Help with Windows 2000

I messed up my dad’s computer.
It’s a Dell Inspiron 8100 running Windows 2000 Professional.
I was trying to set up a network between it and my laptop and I changed it from the domain it was on, to a workgroup that my laptop was set to.

Normally, I would think this wouldn’t be a problem. However, I forgot to take into account that at his last place of employment, an IT guy made it so he had to log in and it was tied to the domain that I changed off of. Now we can’t log in to Windows.

I have already tried booting into safe mode, but it still prompts the log in screen. There also appears to be no way to change anything other than user name and password on the log in window.

If anyone has suggestions as to how I can bypass the logging in part to change it back to the way it was, I would greatly appreciate it.

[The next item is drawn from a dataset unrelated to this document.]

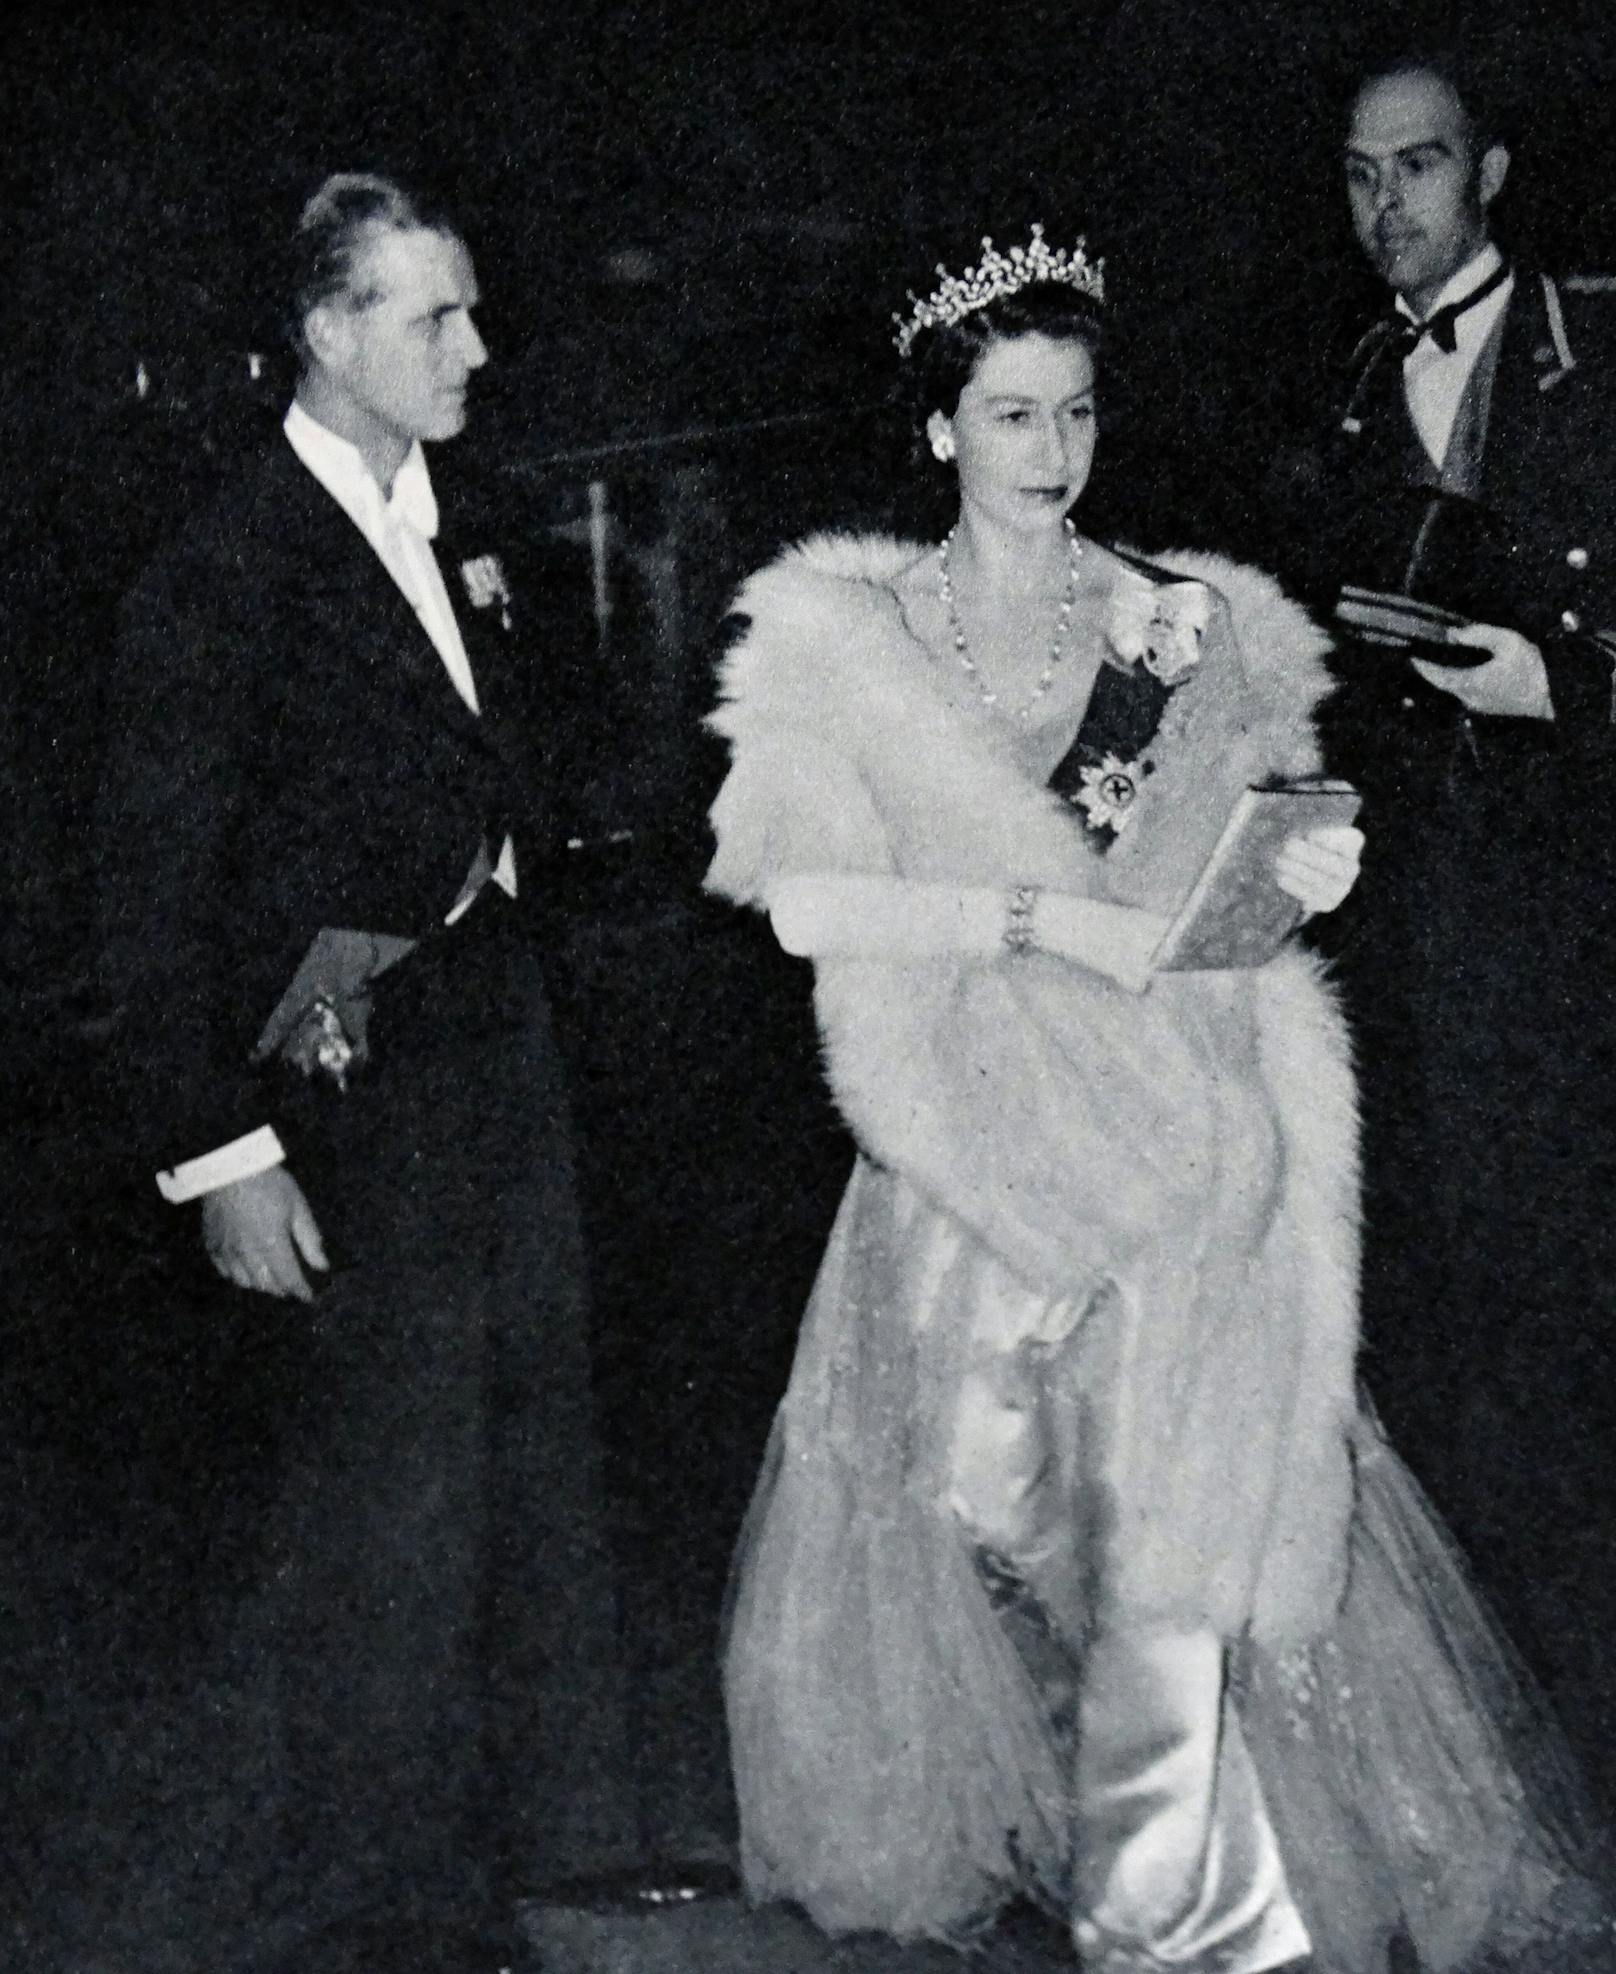 Princess Elizabeth bevor sie Königin wurde. Mit Pelzstola, opulentem Kleid und Tiara.

Not sure if this would help or not but can you take out the battery?

In safe mode, the login is looking for the local administrator account(despite the domain settings, there is still a local admin account). If you know the information to get into that account, you should be able to get yourself up and running.

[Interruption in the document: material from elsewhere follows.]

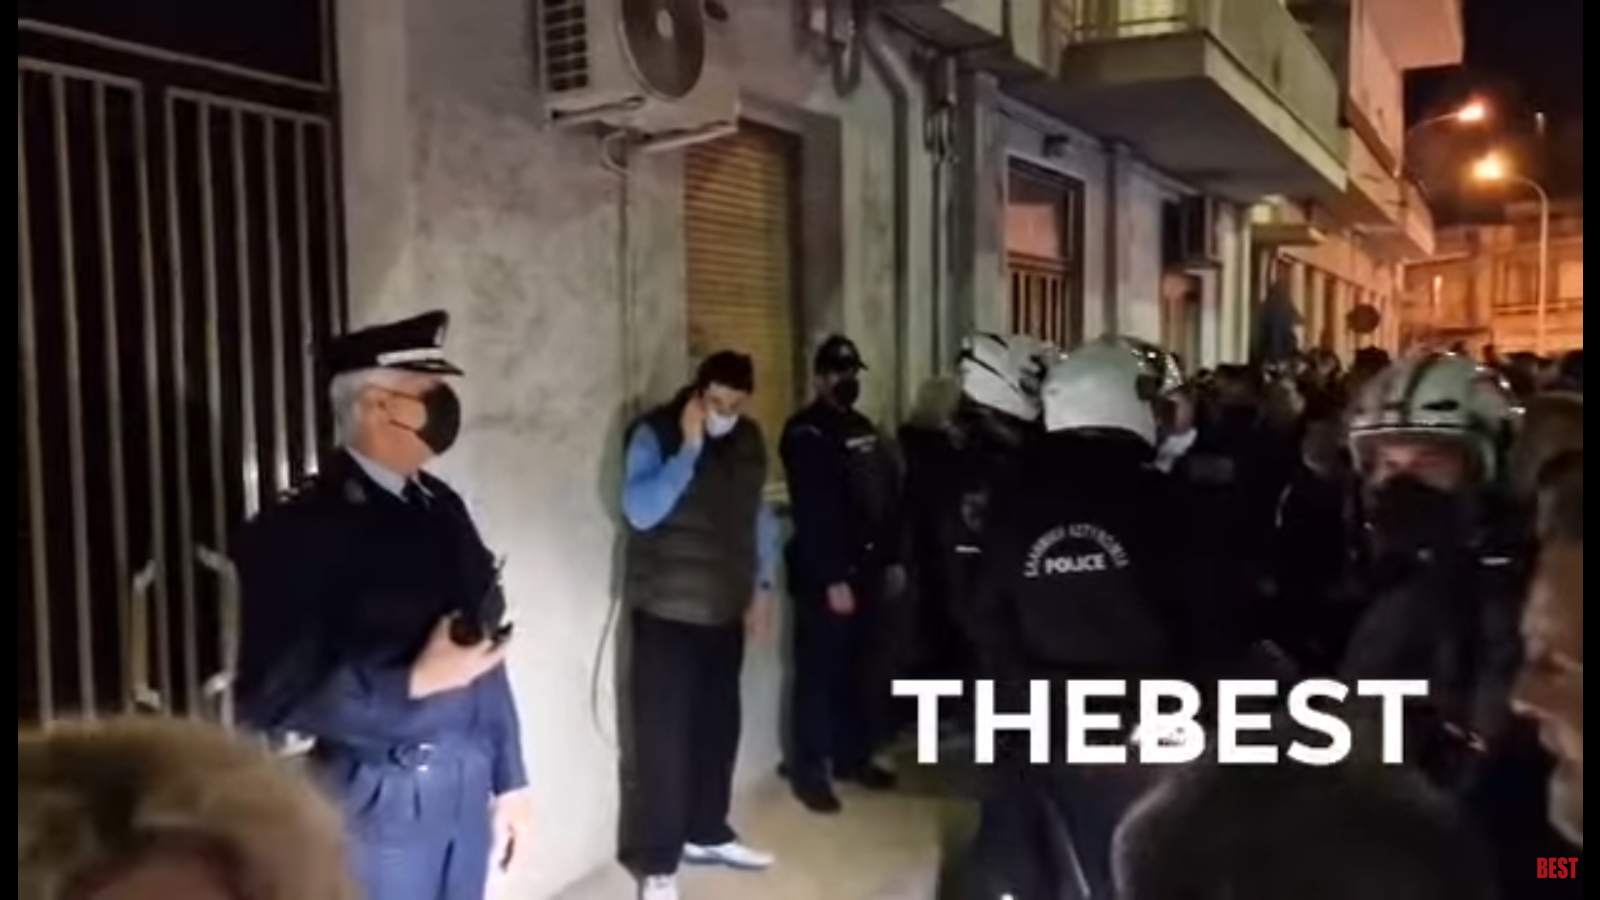 Πάτρα: Αστυνομική δύναμη έξω από το σπίτι της Ρούλας Πισπιρίγκου – «Να μπούμε», «Κρεμάστε την» φωνάζει ο συγκεντρωμένος κόσμος

First, check to see at the login screen if there’s a text box with the old domain, and a dropdown menu that allows you to select the local computer instead. If that’s there, attempt to log on locally, using the same user name and password.

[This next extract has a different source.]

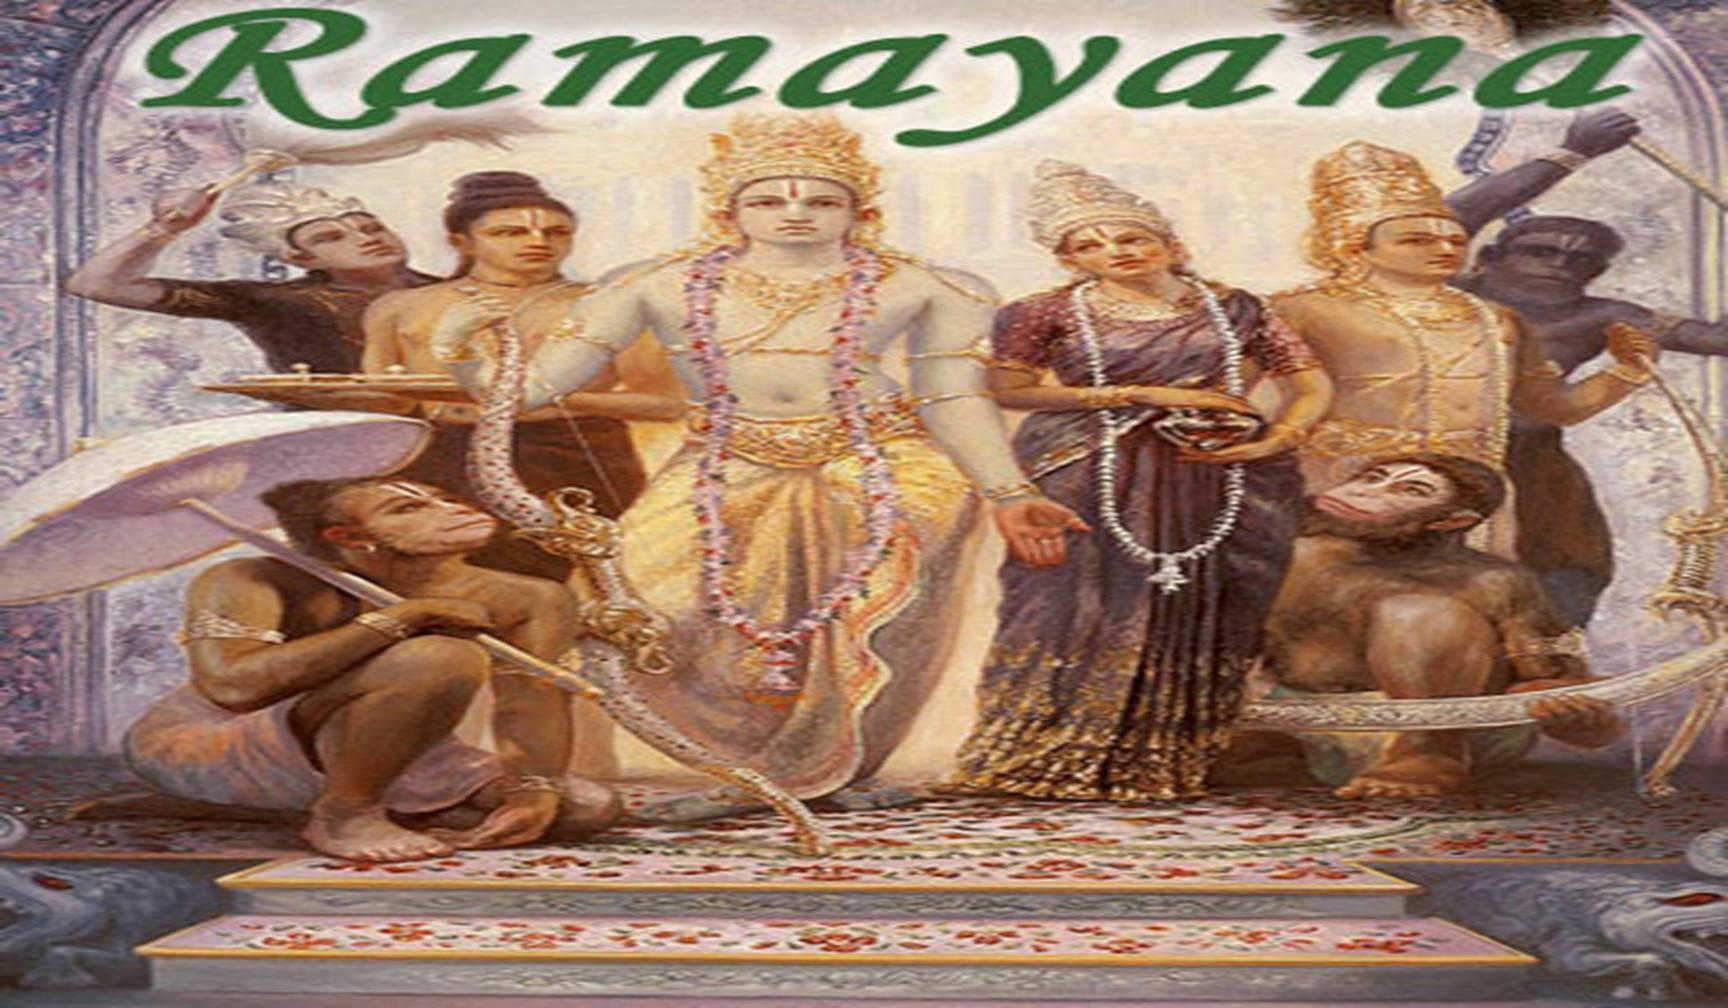 रामायण की कुछ अनसुनी बातें जो शायद आप नहीं जानते

If that doesn’t work, and presuming that he owns the laptop (it sounds this way, but you wouldn’t necessarily want to mess with a corporate computer), you’ll probably want to try something like resetting the local administrator password with a SAM file editor. Try this for a summary, and this for the de facto standard tool for doing it.

Now, before you go doing that, ask whether NTFS encryption (the built-in encryption scheme in Windows, a.k.a. EFS) was not used on anything important. If it was used, you’ll find that the encryption actually works, and you’ll lose the data protected with it.

Also, if there’s anything remotely important on that computer, you’re going to want to consider making a backup image (i.e. copy of the data structure, not just the data) of the hard drive. That way, if you screw up, you won’t lose it all. You’ll of course need some way of reading that drive on another computer, and a way to run the imaging software. Maxtor MaxBlast is free, and works if you plan to plug it into a desktop that already contains a Maxtor, Seagate, or maybe Quantum hard drive. (Acronis TrueImage is the commercial version of that software that doesn’t check to see if a particular brand of hard drive is installed.) Symantec Ghost works well for this too, especially the older versions.

I’ve attached some pictures of the login screen and what you get when you try and log in.

Before this, my dad did not need to enter a password. All that was needed was to click ‘OK’ to log in successfully.







Thanks a bunch Tristan, your suggestion of the password reset tool worked great and fixed the problem!

Since the problem is fixed, a mod can lock or close this thread.